12/05/2009 11:02:31 AM · #2
Call me blonde or something, but if she wanted a white background from the start of the job, why didn't you have a white background? You could have hung a white sheet up, that would have helped to start off with. And 500 USD is a fairly high price for posing outside in a walkway.
12/05/2009 01:48:09 PM · #3
+1 on that

If she said she wanted them in a studio with a white gradient background, then why the hell did you not rent a studio with a white background? And you charged her $500 for this? Maybe I've read your post wrong, but it sounds like she was going to have someone else do the pics, you said 'no i'll do them for $500' she agreed, you did the shoot, it wasn't as good as you hoped and now you're offering a reshoot to get better results?

Is that right?
12/06/2009 08:21:58 AM · #4
Originally posted by Tez:

+1 on that

If she said she wanted them in a studio with a white gradient background, then why the hell did you not rent a studio with a white background? And you charged her $500 for this? Maybe I've read your post wrong, but it sounds like she was going to have someone else do the pics, you said 'no i'll do them for $500' she agreed, you did the shoot, it wasn't as good as you hoped and now you're offering a reshoot to get better results?

Is that right?


Renting a studio would cost 700USD for the day. I asked her if that was OK with her budget wise. She said no and that she had hoped for shots at a lower price. The shots would be taken, edited and delivered to her in time to promote her new studio by 1 person. She had seen previous photos I had and made the decision to go with what me. She had expressed interest in certain photos and the editing applied to them. I explained the difficulties and differences in between a 'in studio' shoot and a 'out of studio shoot'. She didn't want the pay any extra. She was hoping for the same look you would get with a studio and I explained there was only so much that could be done in photoshop. What was talked about in person as far as how the session would go (Work flow) is not how it went when she arrived. Sample images she had sent from other sites were close up shots of the face of the instructor. When she started doing full body yoga positions I said "This isn't going to work inside (My apartment just isn't that big. I live in Japan)." I tried to get her outside where if she had stretched, she would have had plenty of space. She was not keen on going outside even though that was part of the plan.

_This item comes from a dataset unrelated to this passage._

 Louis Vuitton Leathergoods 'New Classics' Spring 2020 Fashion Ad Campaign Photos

In short: I took a job that was budget limited (No studio allowed). I explained that this would hinder the speed at which I could have the shots ready. The day of the shoot there was a lack of preparation on her part to get poses ready (We had to go online and look up different poses...not a big deal, but it was time consuming.). There was a constant need to review the photos during the shoot because her posture was not 'right' and I didn't know what was 'right' when it came to different poses (Again, time consuming and not something I had counted on).

After an entire shoot was done and later reviewed, I decided to offer her more pictures at a new shoot under the above conditions.

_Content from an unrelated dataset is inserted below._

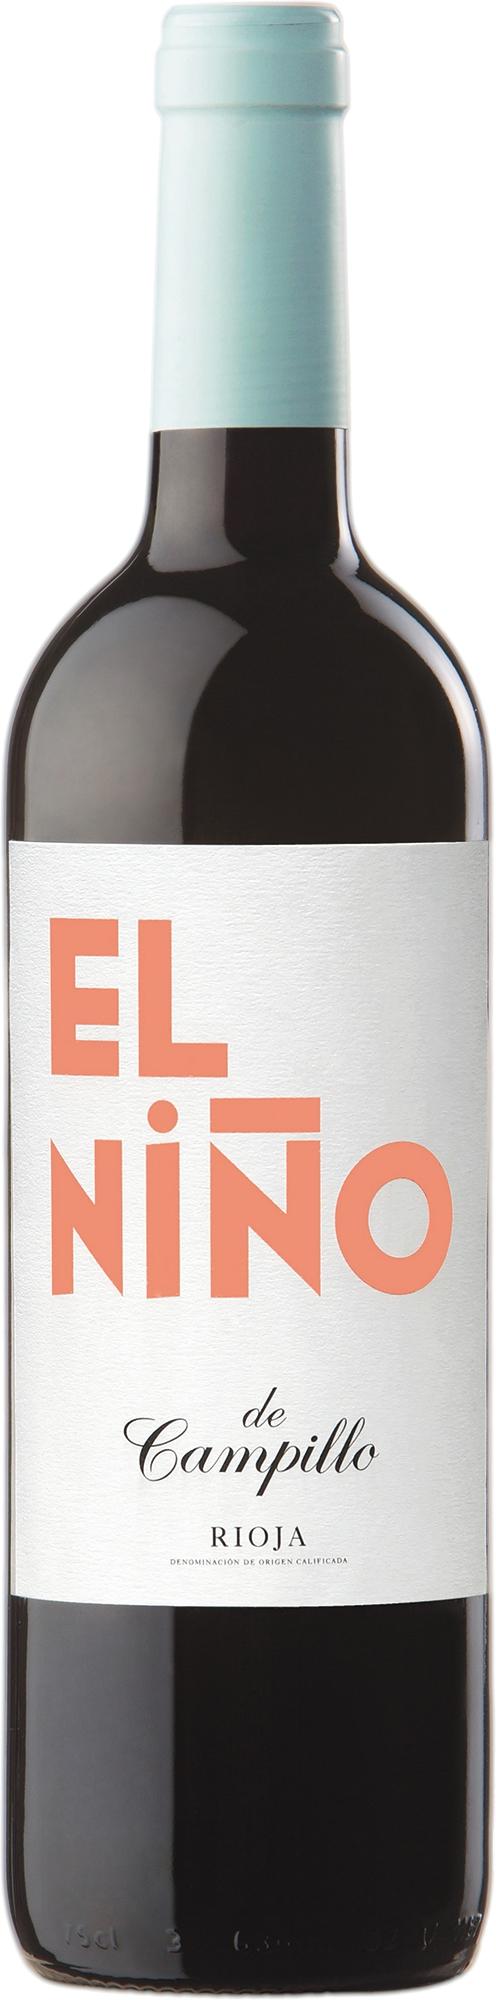 Produktbild på El Niño de Campillo

The white backdrop was, at first, an 'example' of the style she was looking at. She had sent several images of what she liked. I did explain the cost of a day at the studio. She didn't want to spend the money. Getting her outside to shoot the few shots that we did was hard to do (She wanted to do everything inside even though part of our previous discussion was for her to go outside and do shots). Once outside it was hard enough to keep her there.

She came to me in order to get cheaper shots than she would get at a studio. She would be looking into the 1000's of USD for a single session. She didn't want to pay that kind of money. I had pointed out the advantages of going with a studio package (Stylist, make-up etc included) but the price was more important. I'm not sure what everyone else charges but for family photos of students/friends I usually charge 500USD plus album/print costs. Again, not my main job but something to keep the hobby going.
12/06/2009 08:48:15 AM · #5
Originally posted by heavyj:

Originally posted by Tez:

+1 on that

If she said she wanted them in a studio with a white gradient background, then why the hell did you not rent a studio with a white background? And you charged her $500 for this? Maybe I've read your post wrong, but it sounds like she was going to have someone else do the pics, you said 'no i'll do them for $500' she agreed, you did the shoot, it wasn't as good as you hoped and now you're offering a reshoot to get better results?

Is that right?


Renting a studio would cost 700USD for the day. I asked her if that was OK with her budget wise. She said no and that she had hoped for shots at a lower price. The shots would be taken, edited and delivered to her in time to promote her new studio by 1 person. She had seen previous photos I had and made the decision to go with what me. She had expressed interest in certain photos and the editing applied to them. I explained the difficulties and differences in between a 'in studio' shoot and a 'out of studio shoot'. She didn't want the pay any extra. She was hoping for the same look you would get with a studio and I explained there was only so much that could be done in photoshop. What was talked about in person as far as how the session would go (Work flow) is not how it went when she arrived. Sample images she had sent from other sites were close up shots of the face of the instructor. When she started doing full body yoga positions I said "This isn't going to work inside (My apartment just isn't that big. I live in Japan)." I tried to get her outside where if she had stretched, she would have had plenty of space. She was not keen on going outside even though that was part of the plan.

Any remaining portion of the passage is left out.